Cost of product sales were $2.1 million for the three months ended March 31, 2025 as compared to cost of product sales of $2.5 million for the three months ended March 31, 2024, a decrease of $0.4 million, or 17.9%. The decrease in cost of product sales was primarily driven by a $1.1 million batch cancellation fee recognized during the three months ended March 31, 2024 and a $0.6 million increase in our excess inventory reserve during the three months ended March 31, 2024, partially offset by an inventory write-down of $1.2 million during the three months ended March 31, 2025.

Research and Development Expenses
The following table summarizes our research and development expenses for our major development programs for the three months ended March 31, 2025 and 2024:

Three Months Ended March 31,
(in thousands)20252024Change
ZYNLONTA$14,370 $14,999 $(629)
ADCT-601(1)
2,035 3,324 (1,289)
Preclinical product candidates and research pipeline7,762 3,691 4,071 
Other discontinued programs(2)
1,052 1,984 (932)
Not allocated to specific programs(3)
2,717 2,287 430 
Share-based compensation expense (reversal)992 (550)1,542 
Research and development expenses$28,928 $25,735 $3,193 
(1) ADCT-601 was discontinued in November 2024.
(2) For the three months ended March 31, 2025, Cami, ADCT-901, ADCT-212 and ADCT-602 were included in Discontinued programs. For the three months ended March 31, 2024 these programs were separately presented as major development programs. Prior periods have been recast to conform to the current period presentation.
(3 )Includes third-party contracting and employee expenses, as well as expense for preclinical research, storage, shipping and lab consumables that span multiple programs.

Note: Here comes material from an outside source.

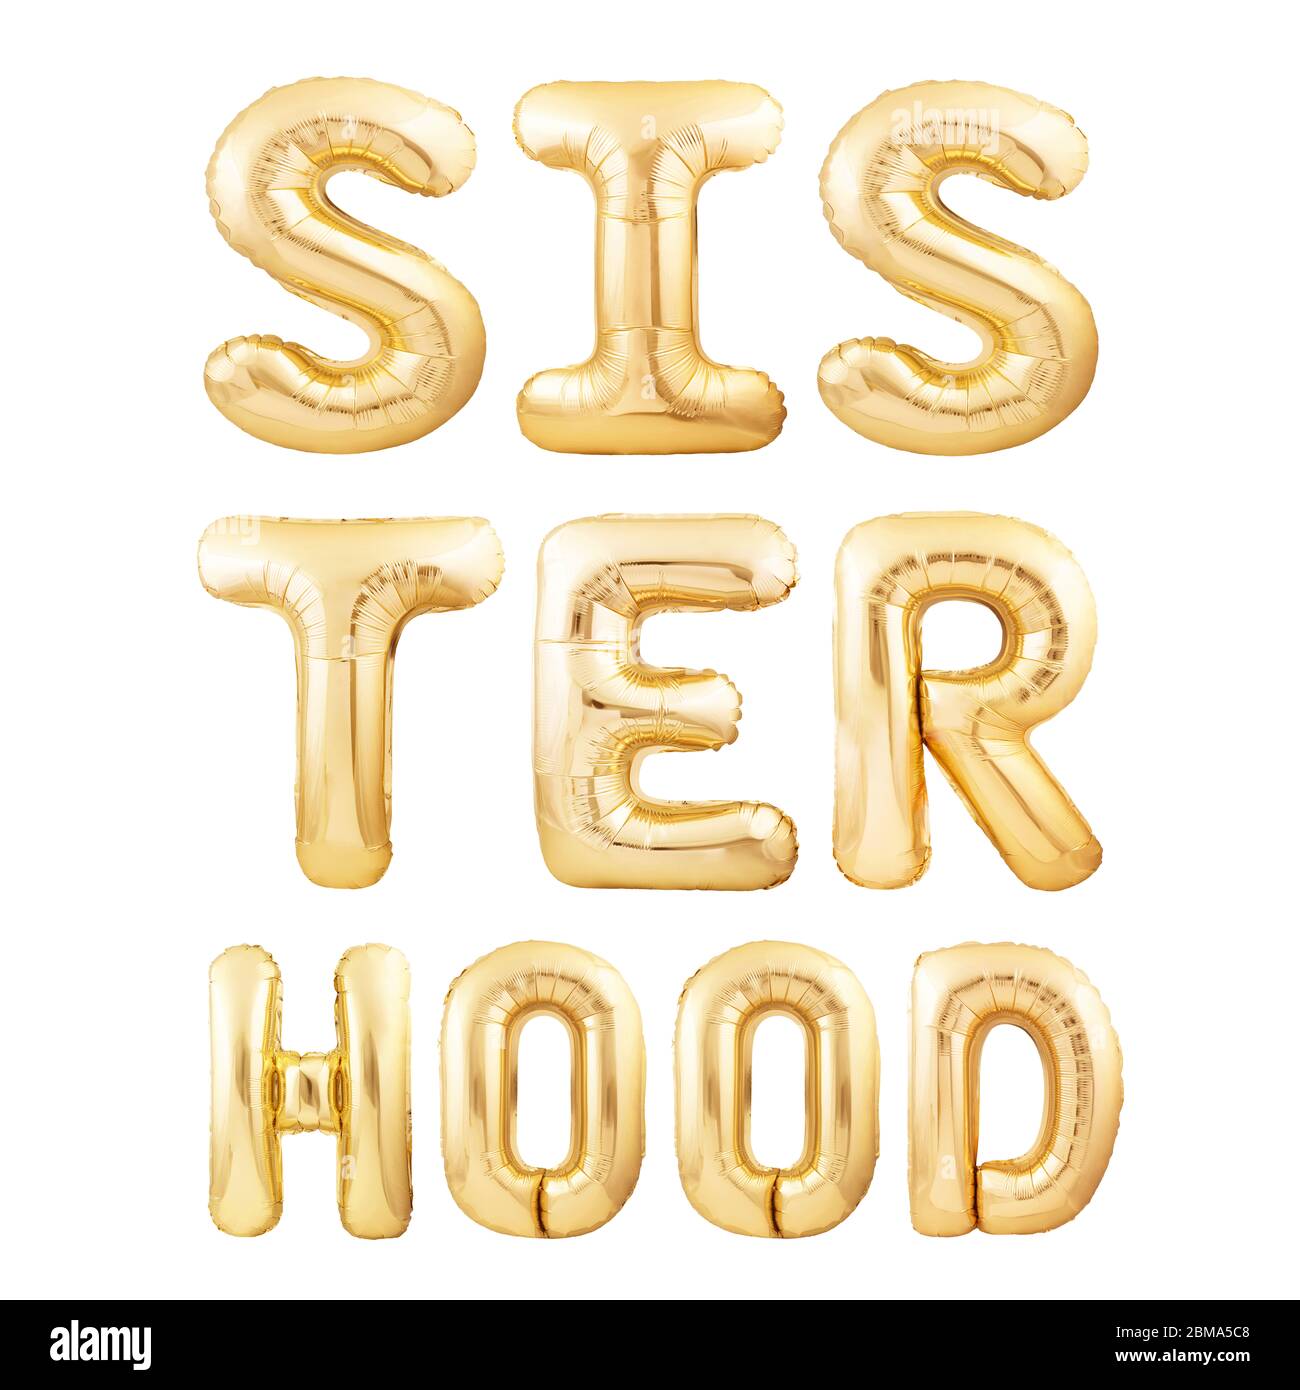 Texte « Sister Hood » en lettres de ballons gonflables dorés isolées sur fond blanc. Citation d'activisme ou de féminisme Banque D'Images

Research and development expense consists primarily of employee related expenses, including share-based compensation expense; costs for production of preclinical and clinical-stage product candidates by CMOs; fees and other costs paid to contract research organizations in connection with the performance of preclinical studies and clinical trials; costs of related facilities, materials and equipment; external costs associated with obtaining intellectual property; depreciation; and upfront fees and achieved milestone payments associated with R&D collaboration arrangements.
Our research and development expense may fluctuate from period to period based on a number of factors, including the timing, progress and stage of clinical trials, costs associated with regulatory approval processes and manufacturing costs associated with commercialization activities prior to the receipt of regulatory approval.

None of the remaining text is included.